Beijing’s zero-Covid policy, the property crisis, and the recent consolidation of power by President Xi Jinping have reduced the appeal of Chinese assets to foreign investors. An estimate by the Institute of International Finance (IIF) found that China outflows from stocks and bonds amounted to $8.8 bn during the month of October.
Chinese financial markets have consistently seen foreign fund outflows over the past few months, with October becoming the ninth straight month when foreign investor holdings in China bonds have declined.
The extent of China outflows
The IIF says that Chinese bond markets saw total outflows of over $105 bn in the past nine months, whereas Chinese equities have lost nearly $7.6 bn in October alone, the highest figure since March 2022.
For September, foreign fund outflows from China bonds stood at $1.4 bn as per IIF data, whereas official data from the China Central Depository and Clearing estimated total foreign fund outflows of $83.4 bn in the seven months till August.
“While uncertainty remains over China’s macro environment and policymaking, there will be tactical opportunities in China’s onshore and offshore bond markets for active managers,” said Janet Lu, Head of Fixed Income, China at Eastspring Investments. “We expect China’s monetary policy to remain loose, although we believe that the odds of another policy rate cut this year have fallen.”
As per IFF estimates, the $8.8 bn China outflows are broken down into $7.6 bn being pulled out of equities and the rest of $1.2 bn being pulled out of bond markets.

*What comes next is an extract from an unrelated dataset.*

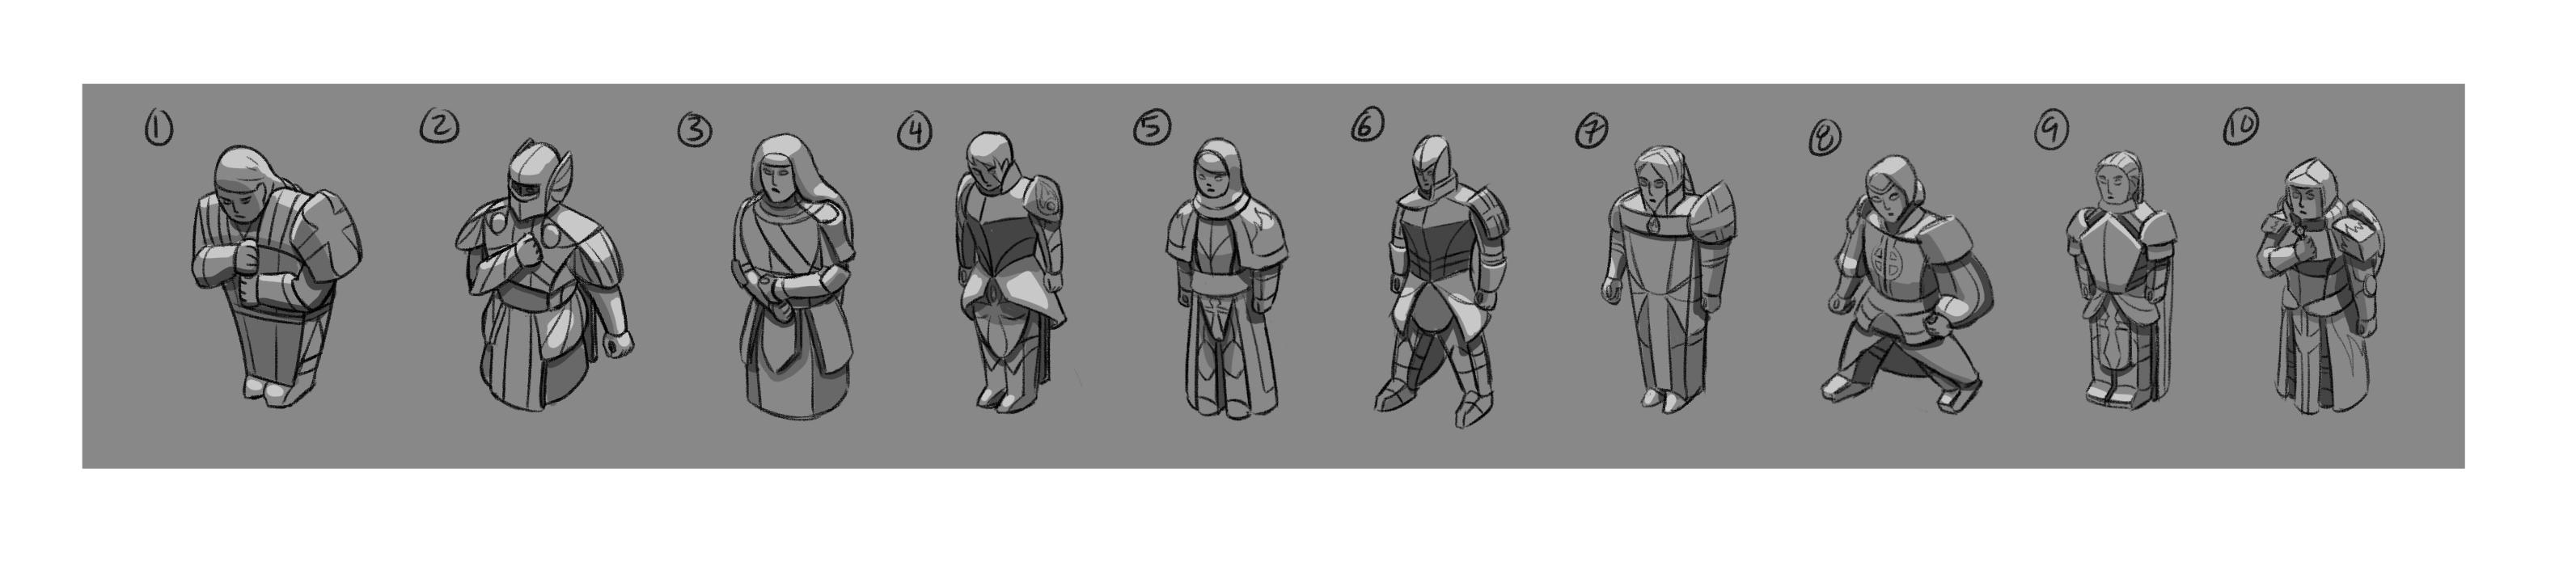 ISF Paladin Sketches

“The shift to outflows in 2022 is notable and reflects lots of discussions in the asset management community,” writes Jonathan Fortun, an economist at IIF. “This shift reflects geopolitical concerns and anxiety that the government’s zero Covid policy could weigh on China in the medium term.”

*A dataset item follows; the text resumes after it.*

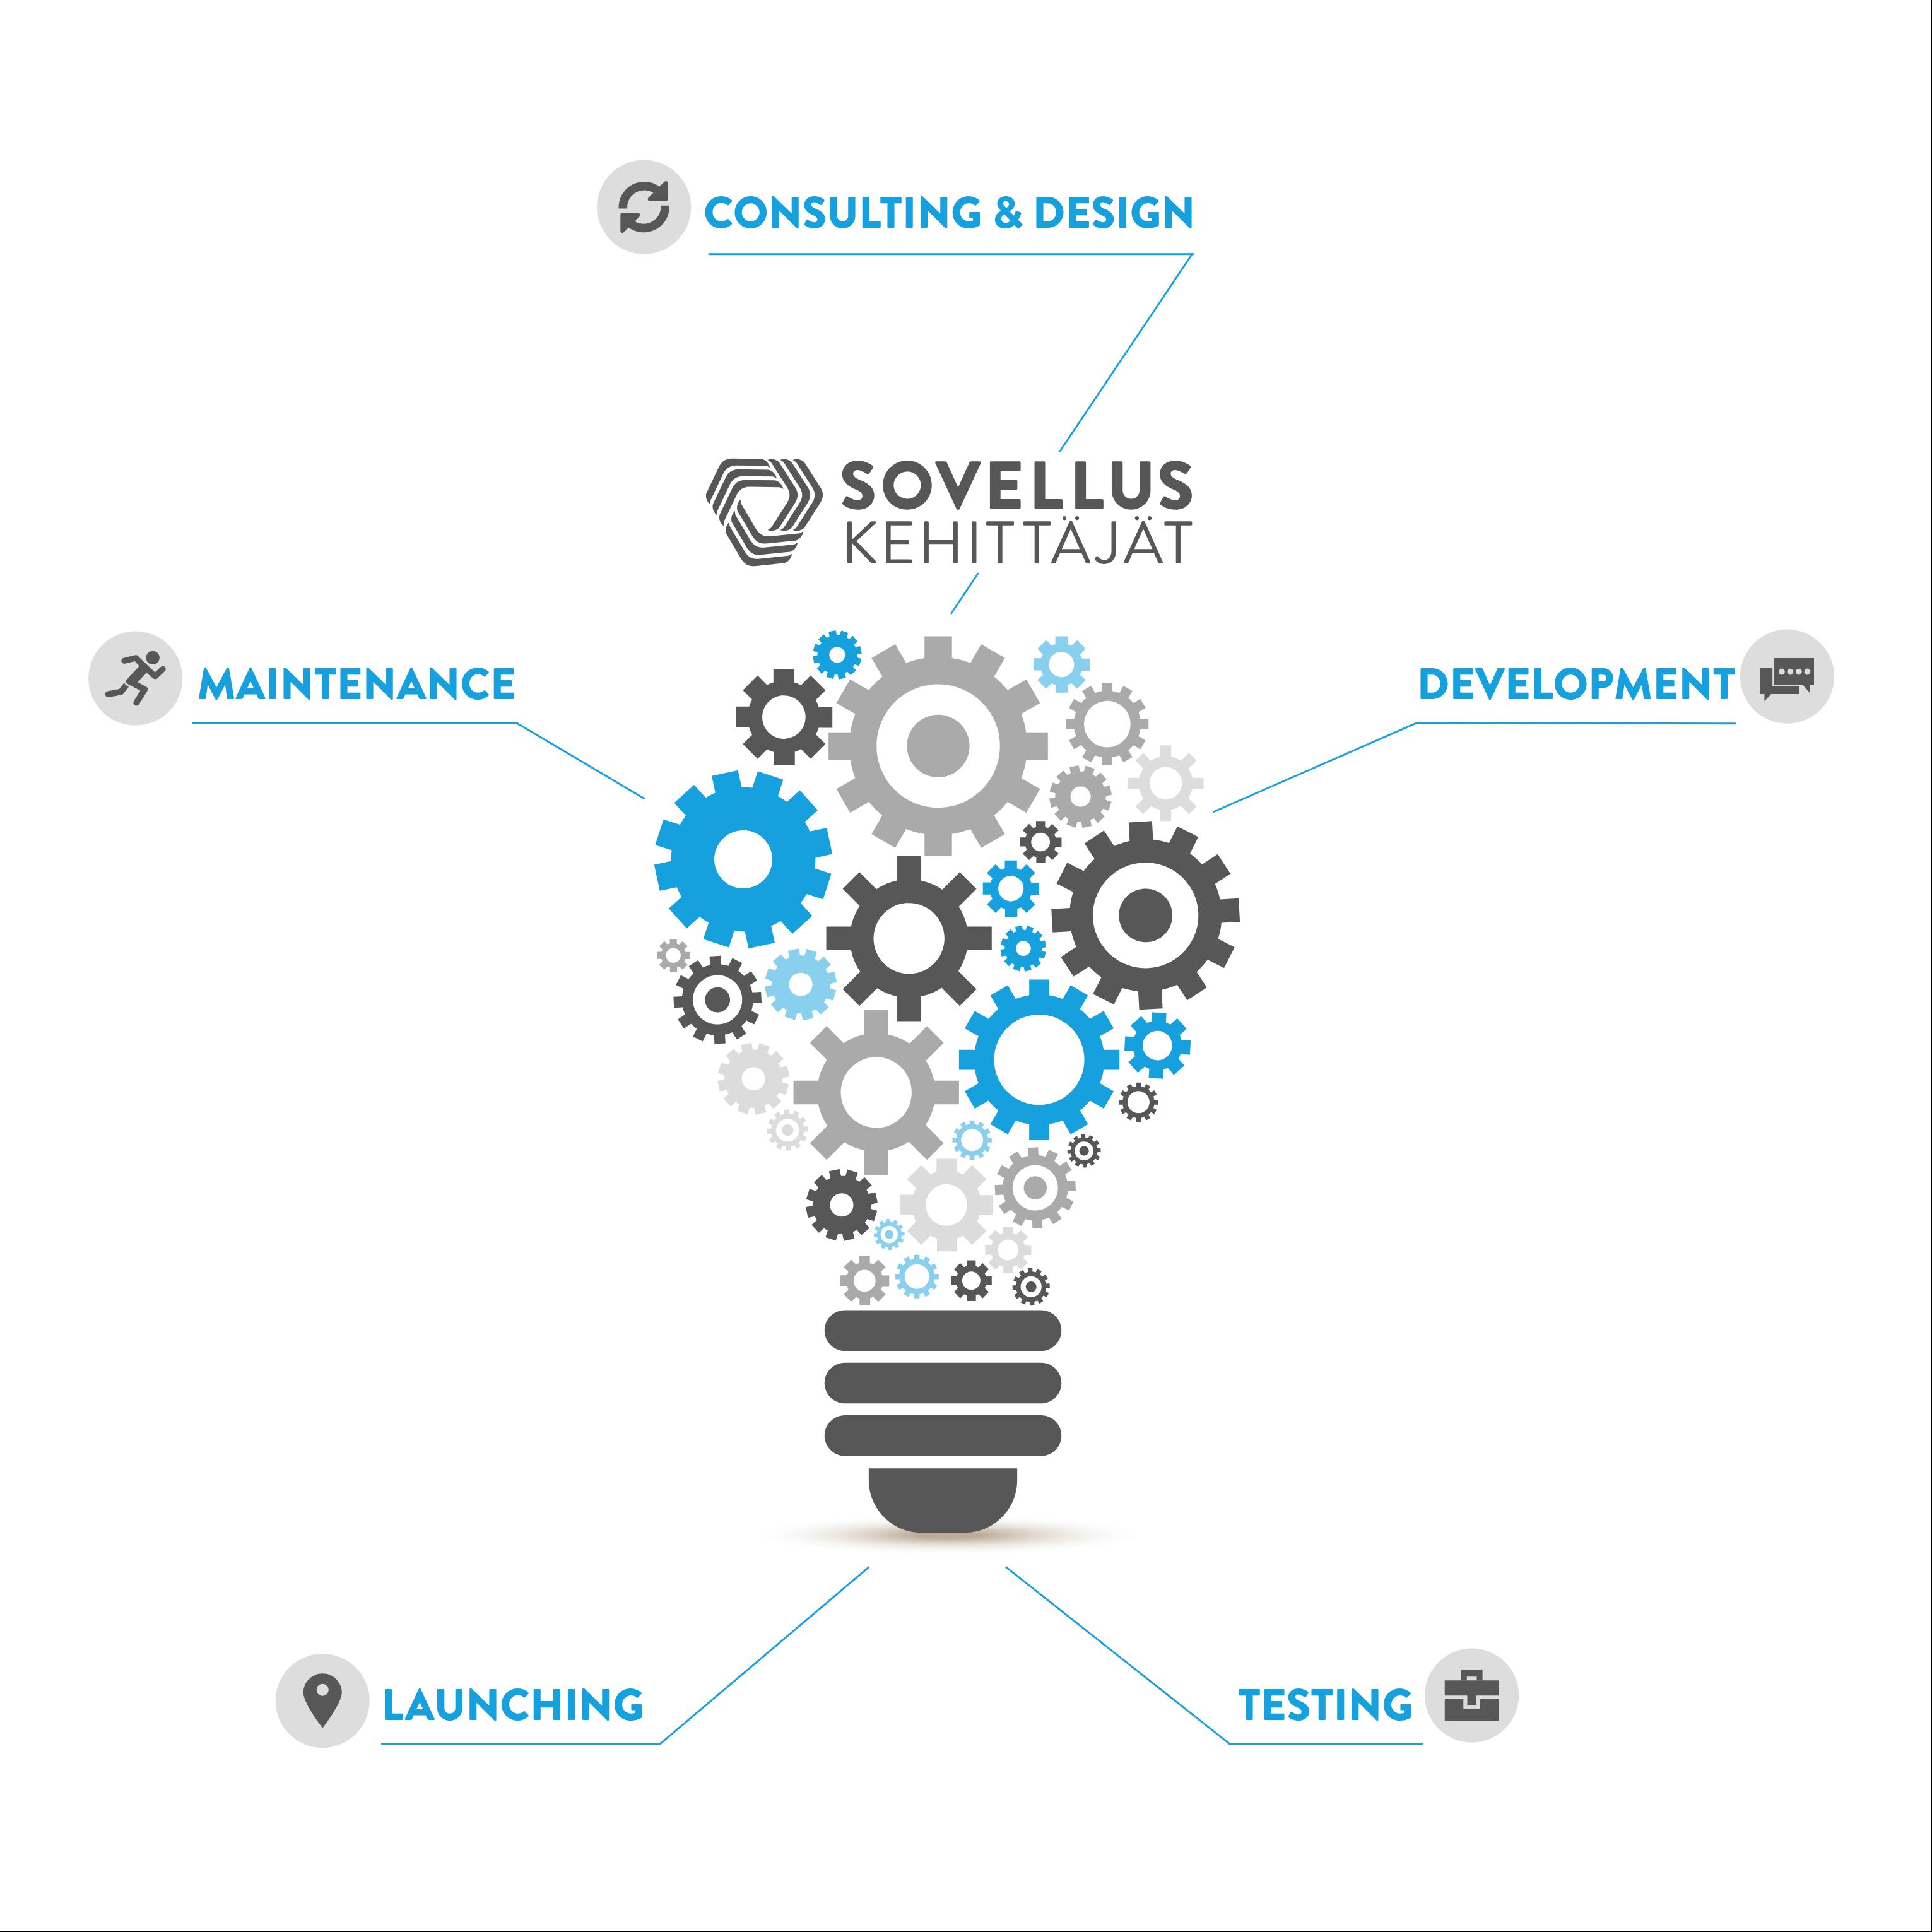 Sovelluskehittäjät application development services

The Stock Connect scheme, which allows foreign investors to trade in mainland securities, has seen foreigners selling over $734 m worth of mainland shares in the first ten days of November, as per Refinitiv data.
The IIF says that capital outflows from China have accelerated since Russia’s invasion of Ukraine. While this was initially considered a short-term phenomenon, it now looks like financial market stakeholders are looking at China in a new light.
October was the worst month for Chinese markets since February 2019, as the CSI 300 lost 7.78% during the previous month, slipping for the fourth consecutive month.
Considered the world’s factory, China saw its exports decline for the first time in October since May 2020. This comes even as the yuan has weakened over 10% against the dollar in the past year.
However, Chinese markets got some reprieve on November 11 after authorities eased some Covid-19 restrictions, lifting investor appetite. Chinese stocks in Hong Kong were up 6%, while the Nasdaq Golden Dragon Index jumped as much as 5.7% on November 11.
Earlier in November, Goldman Sachs said that a complete reopening of China will push equities 20% higher. Goldman economists were expecting China to start relaxing zero-Covid rules in the second quarter of 2023.
While the easing of Covid-19 curbs comes as a welcome move, macro-economic pressures are still persistent in China which is trying to find a growth footing after the unravelling of the real estate sector.